El mundo del entretenimiento fue sacudido el viernes 25 de julio de 2025, tras una impactante redada del FBI en una propiedad de Tujunga, California. El inmueble se vincula al polémico pastor Robert Shinn, líder de la Iglesia Shekinah y de la compañía de talentos 7M Films. La operación, que involucró a agentes del FBI, así como al Equipo Táctico de El Monte, derivó en múltiples detenciones, lo que expone la creciente presión legal sobre un grupo tildado de “culto” por exmiembros y observadores.
Las órdenes de arresto que motivaron la redada son de gran alcance, pues abarcan una serie de delitos federales graves. Estos incluyen lavado de dinero, fraude postal, evasión de impuestos, trata de personas y fraude relacionado con la pandemia de COVID-19. Tales cargos señalan una investigación exhaustiva que va más allá de las acusaciones iniciales de manipulación sectaria. El Servicio de Inspección Postal de EEUU confirmó su participación en la investigación, lo que indica la posibilidad de que se presenten cargos adicionales a medida que se recopile la información.
Esta redada no es un evento aislado, sino la culminación de años de preocupación y acusaciones que ganaron notoriedad internacional con el lanzamiento de la docuserie de Netflix de 2024, “Dancing for the Devil: The 7M TikTok Cult” (Bailar para el Diablo: El Culto de TikTok de 7M). La serie puso bajo el microscopio las operaciones de 7M Films, una compañía de gestión de talentos que representaba a influyentes bailarines de TikTok, y su estrecha conexión con la Iglesia Shekinah, fundada y dirigida por Robert Shinn.

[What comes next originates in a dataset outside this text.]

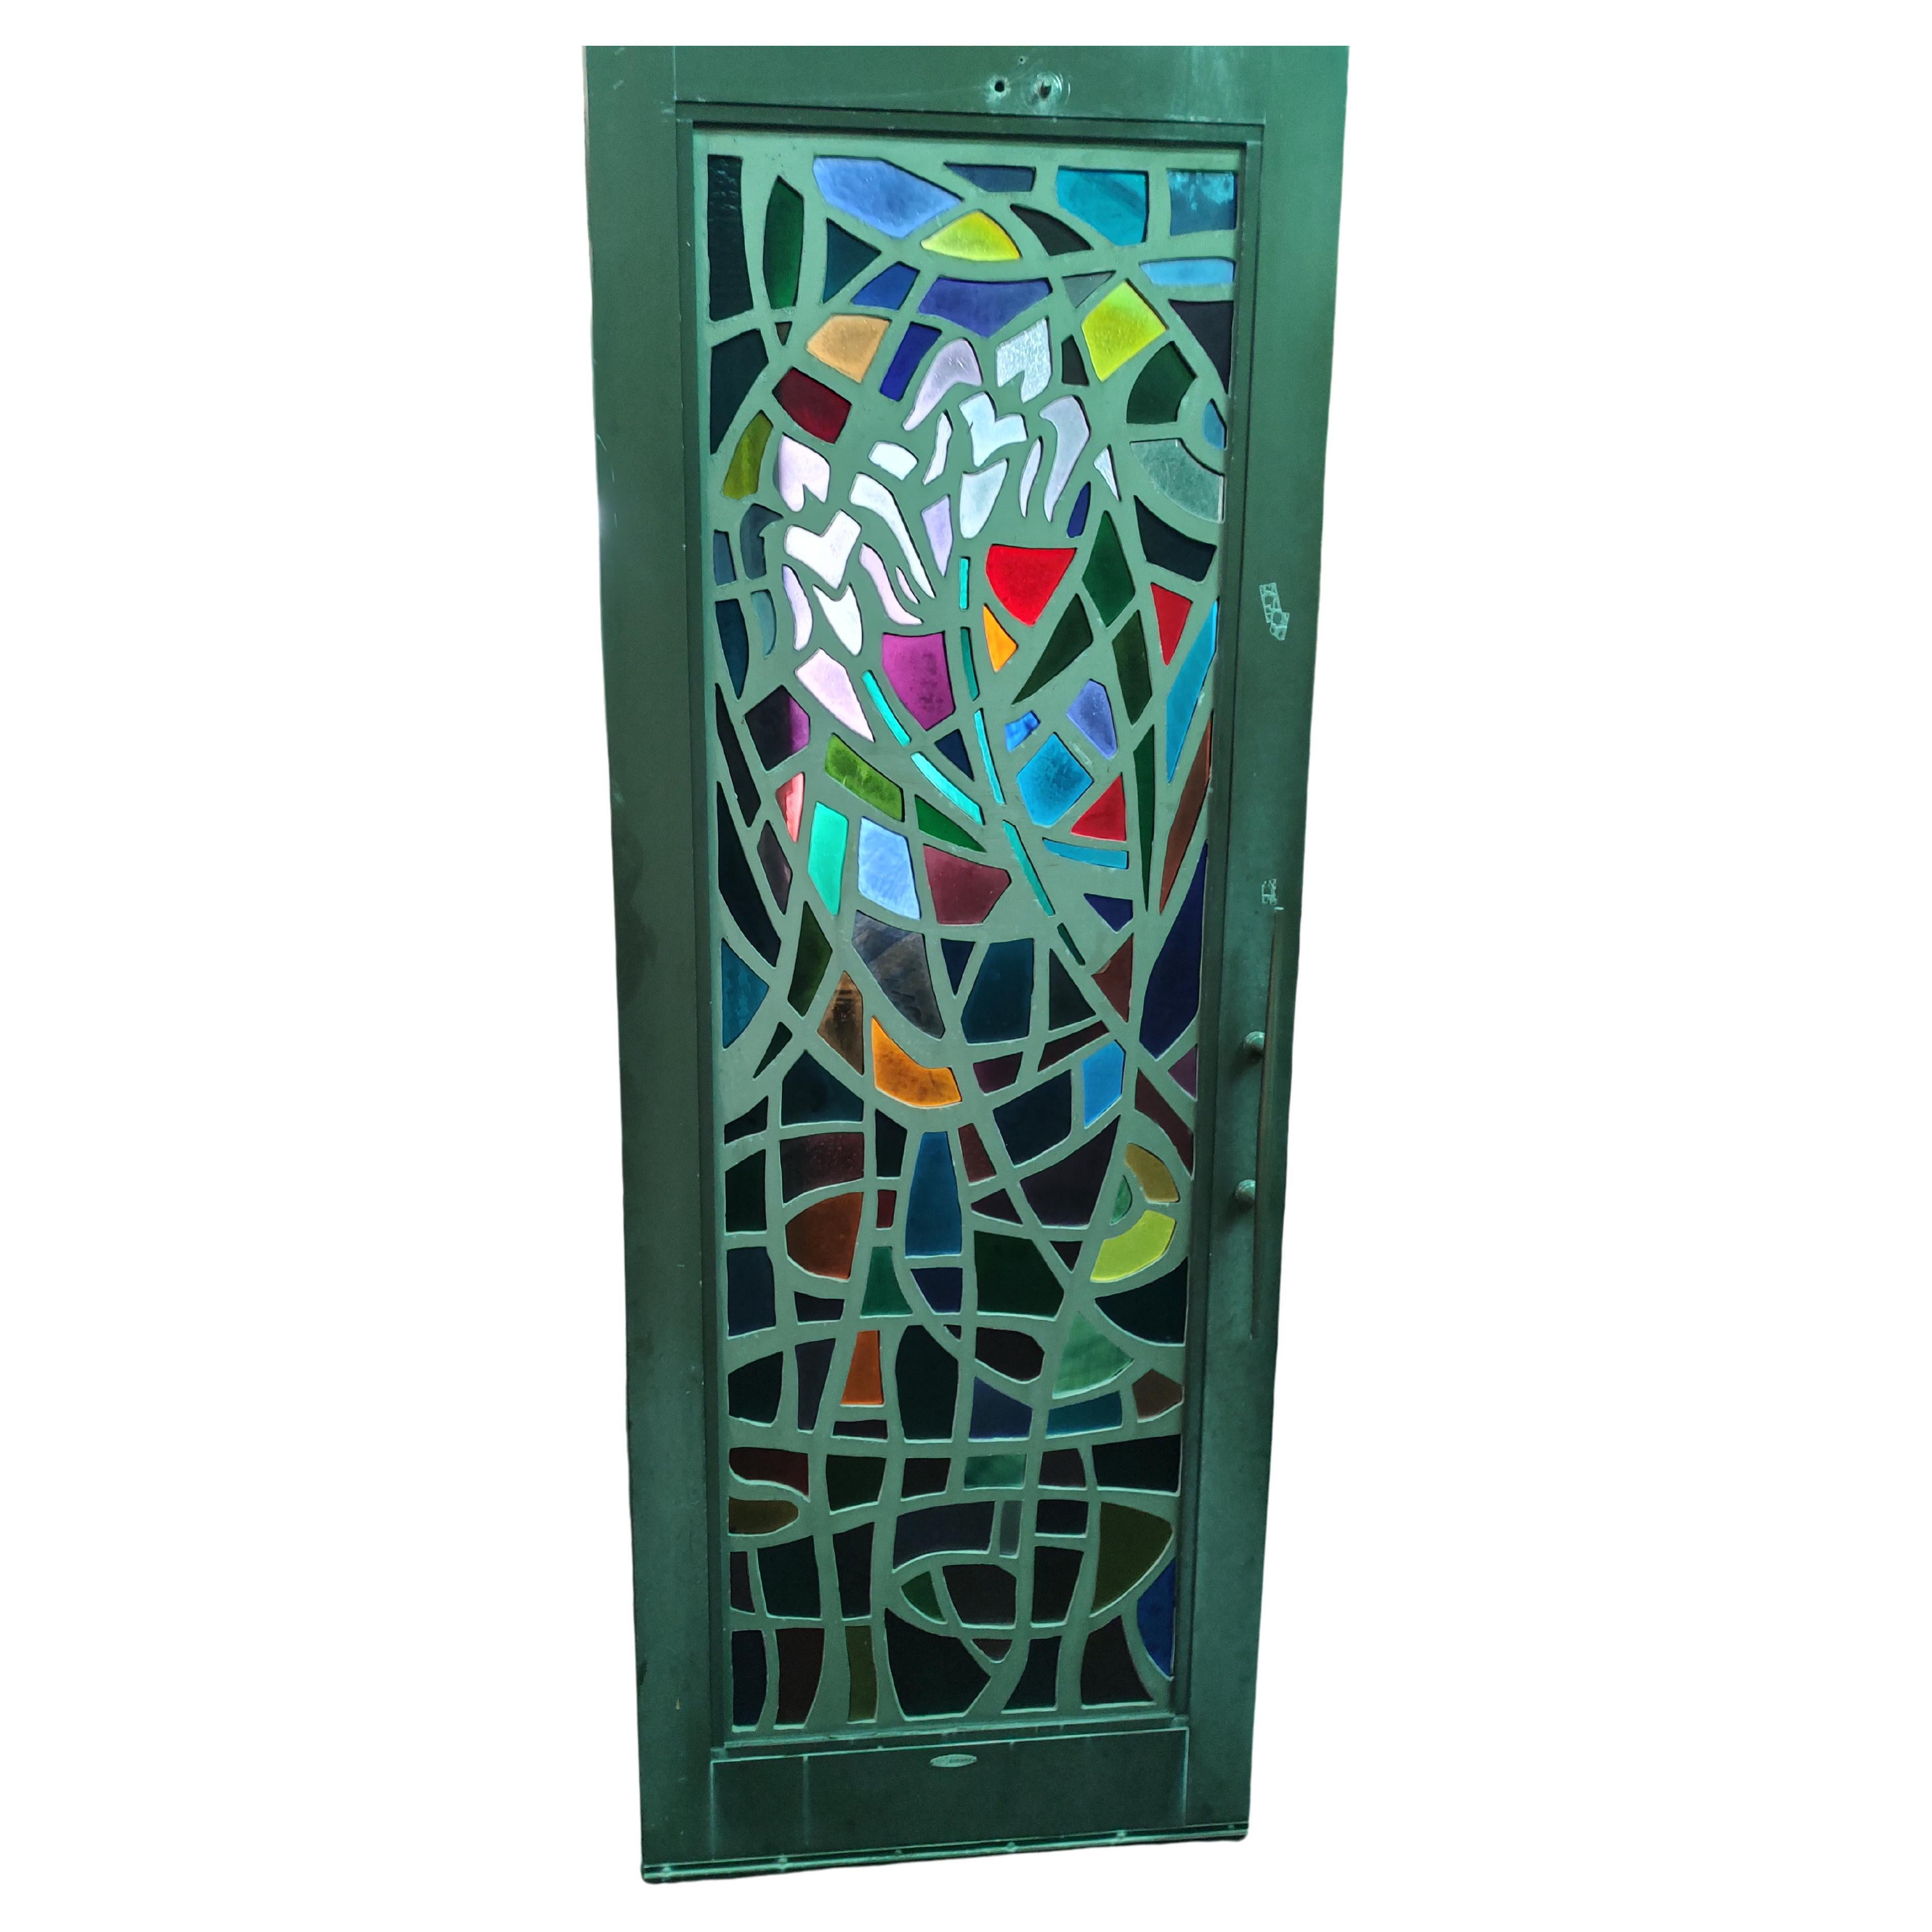 Extremely Rare set of 10 steel doors with individual and different stained glass panels, which are 23.5 x 72. Door size is 30.5 x 84 x 2. Panels can be removed. So beautiful the color absolutely pops when the light shines thru. Each one has a

¿Qué es la secta 7M de TikTok?
El “Culto de TikTok“, como se le apodó, es el centro de graves acusaciones por parte de exmiembros y familiares. La docuserie destacó cómo Shinn y su iglesia, presuntamente, ejercían un control férreo sobre la vida de los jóvenes bailarines. Las denuncias incluyen la manipulación financiera, la imposición de un aislamiento progresivo de sus seres queridos, así como un adoctrinamiento religioso que los mantenía sumisos. Víctimas como Melanie Lee, quien se unió a la Iglesia Shekinah en su adolescencia y la abandonó años después, relató experiencias de abuso emocional, explotación laboral o un ambiente que, según sus testimonios, se asemejaba al de una secta.
La narrativa predominante es que 7M Films no era simplemente una agencia de talentos, sino una fachada para las operaciones de la Iglesia Shekinah. Allí, el carisma de Shinn y las promesas de éxito en TikTok se utilizaban para retener a los jóvenes. Una vez dentro, se alega que a los miembros se les despojaba gradualmente de su autonomía, pero también sus activos, bajo la justificación de donaciones o compromisos religiosos.